Marco decouples logic from the file system. All core engine operations live inside `marco/core/`:

- **`locker.py`** — File-based concurrency control using `.lock` files.
- **`repository.py`** — CRUD operations for dataset versions and `refs.json` tagging. Enforces file immutability by setting read-only permissions (`0o444`) on all version files immediately after creation.
- **`preprocessor.py`** — A robust Directed Acyclic Graph (DAG) preprocessing engine with deterministic topological execution.
- **`comparator.py`** — Version comparison via Markdown metric reports (`compare_versions`) and classic `---`/`+++` unified diffs (`diff_versions_text`) using Python's stdlib `difflib`.

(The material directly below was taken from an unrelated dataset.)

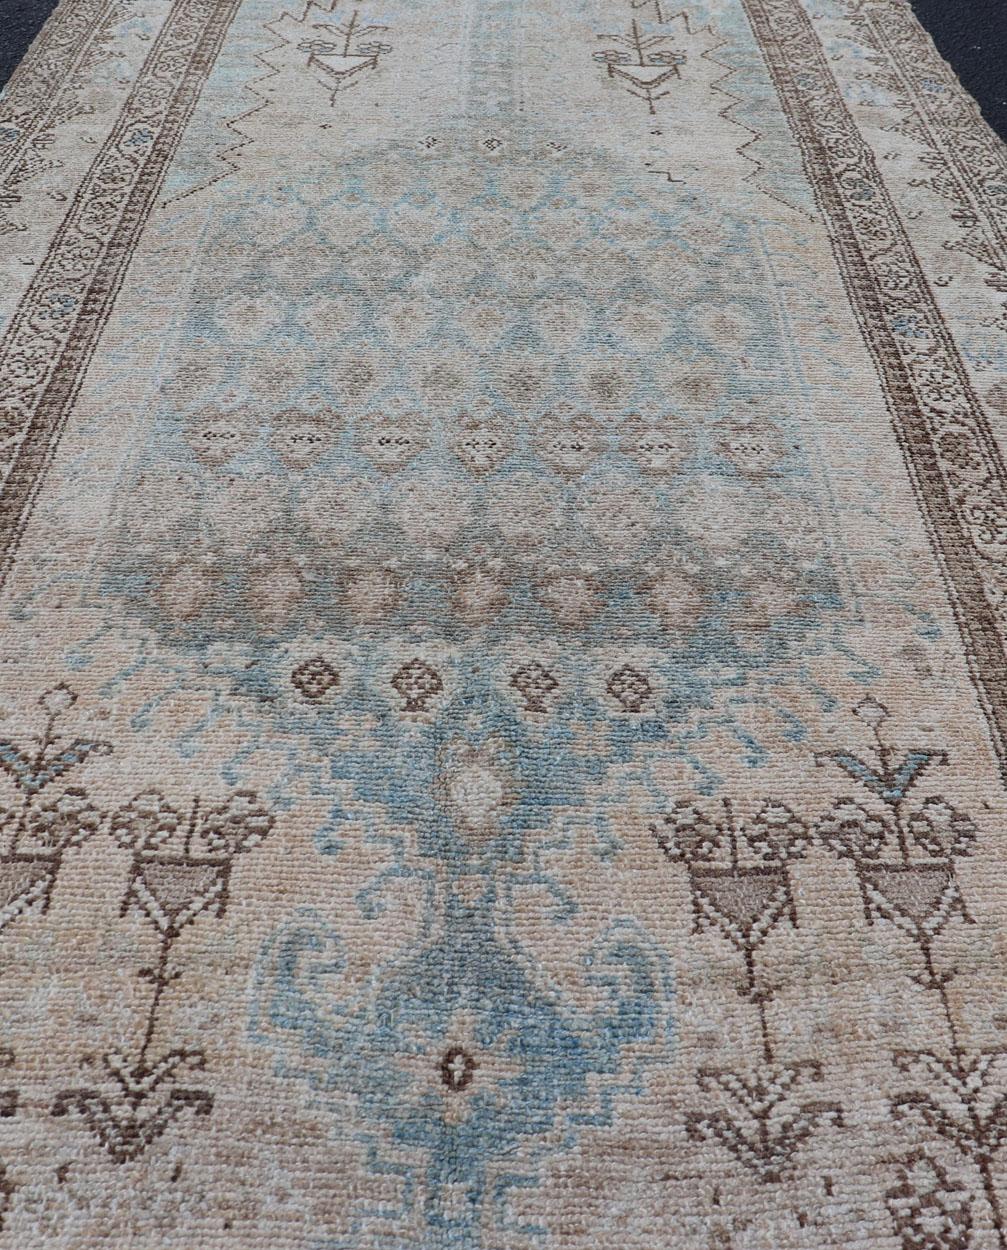 Antique Hand-Knotted Persian Malayer with Large Sub-Geometric Medallion Design For Sale 4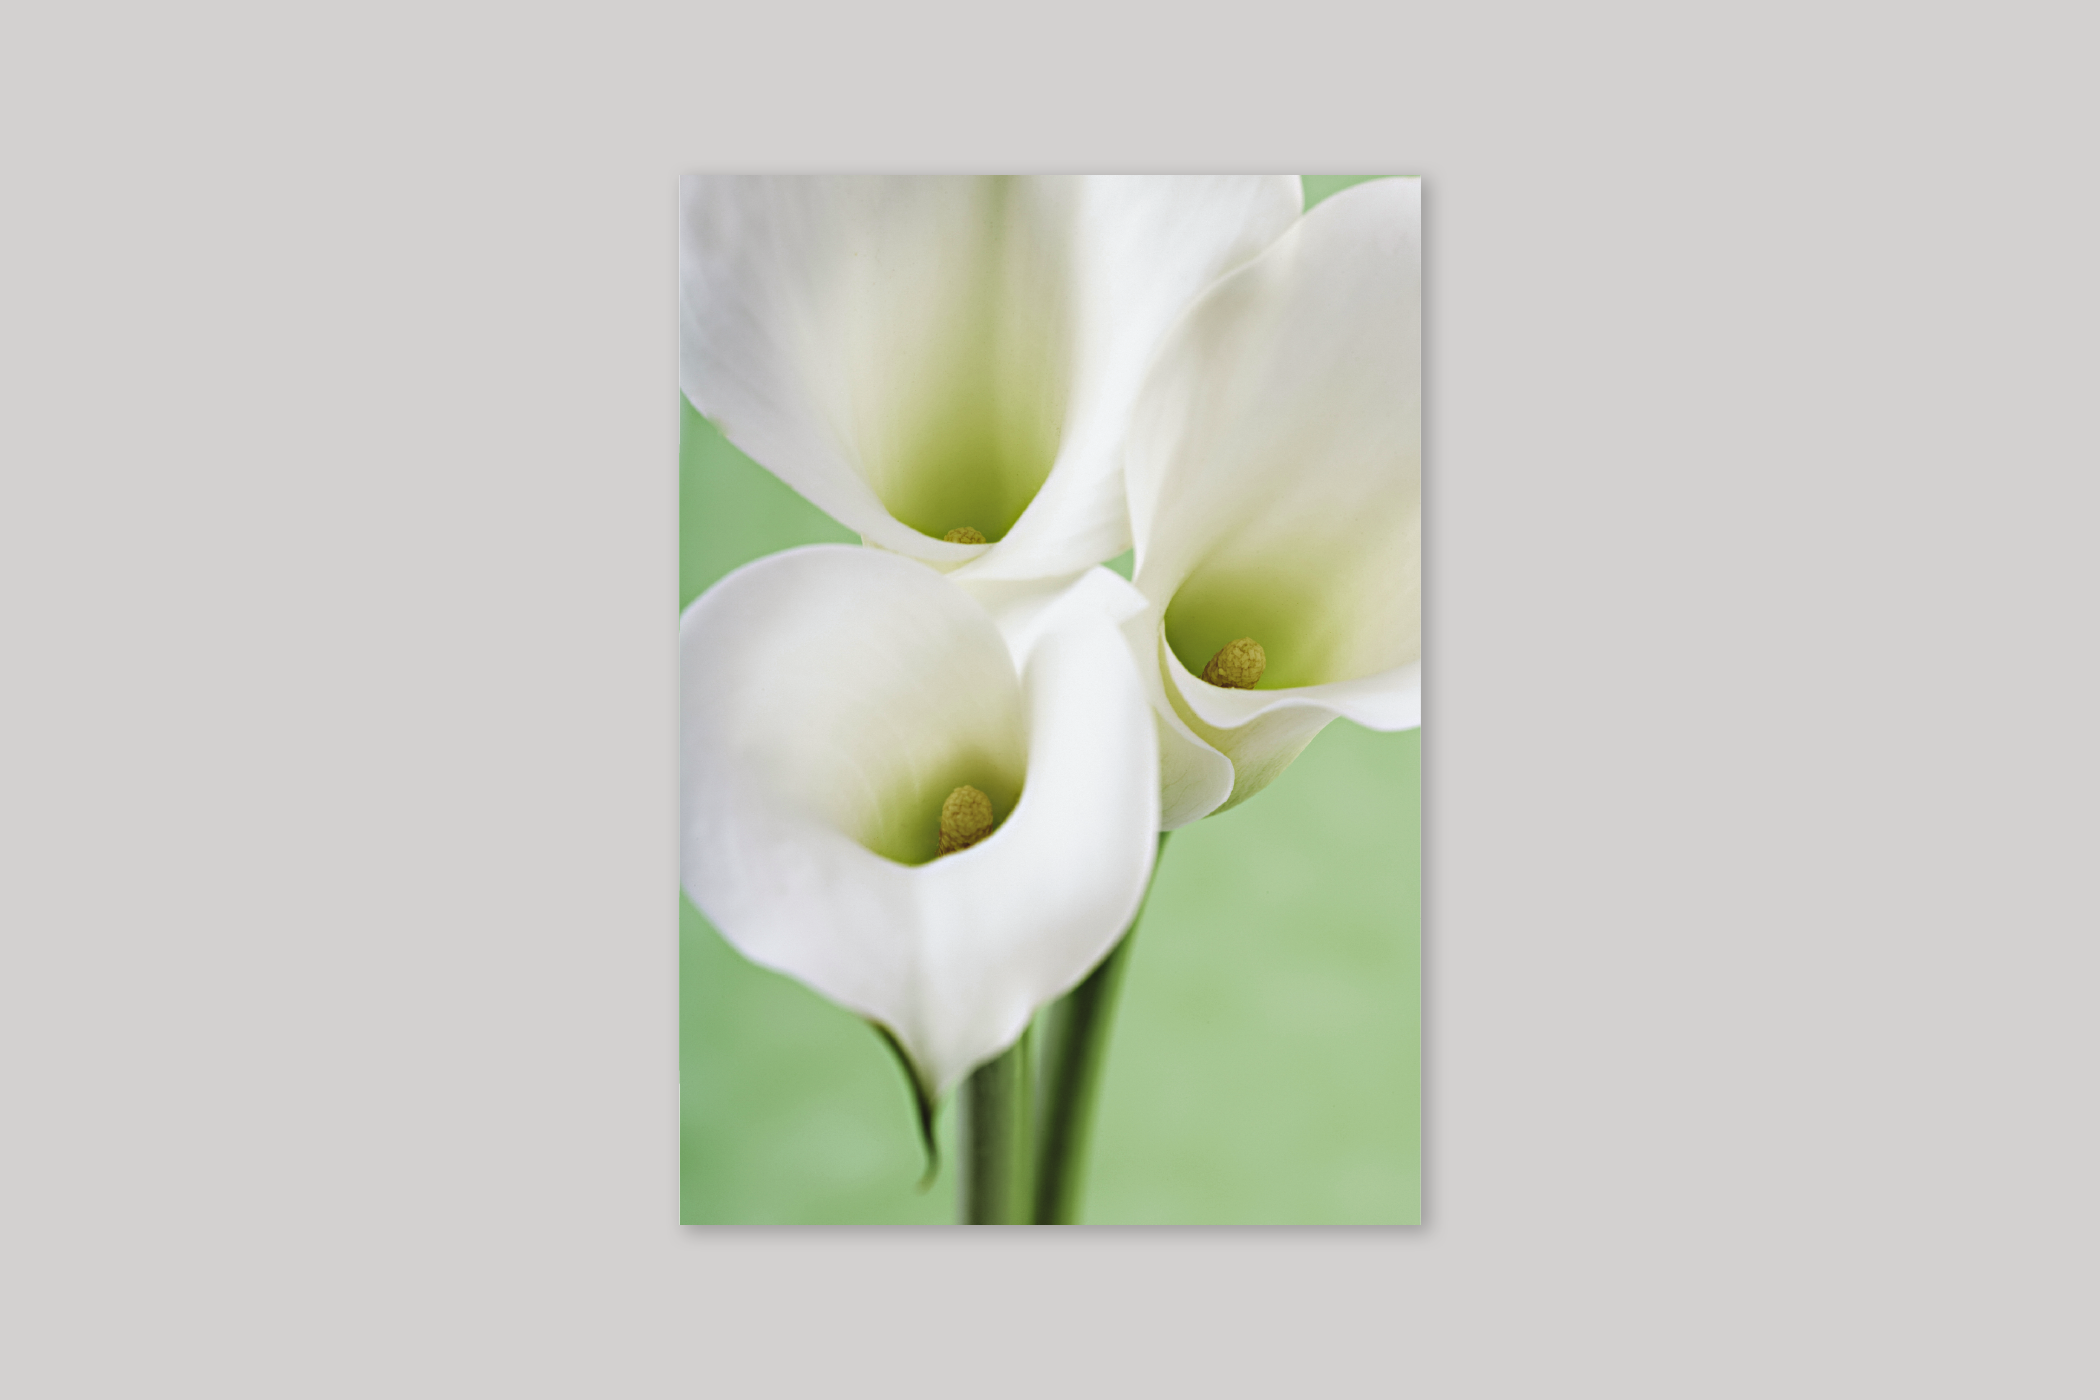 Calla Lilies sympathy card from Exposure range of photographic cards by Icon.

### Reproducibility Proof Engine (`marco/reproducibility_proof/`)

- **`canonicalizer.py`** — Enforces byte-exact canonical serialization (Unix line endings, fixed column order). Also detects stochastic/non-deterministic pipeline operations.
- **`audit_log.py`** — Appends every verification run (PASS or FAIL) to `.marco/verification_log.jsonl` with a full environment snapshot.
- **`verify.py`** — End-to-end reproducibility verification with step-by-step hashing, row-level delta reports, environment fingerprinting, and a `verify_all()` batch audit command.

---

Have fun building safer machine learning pipelines!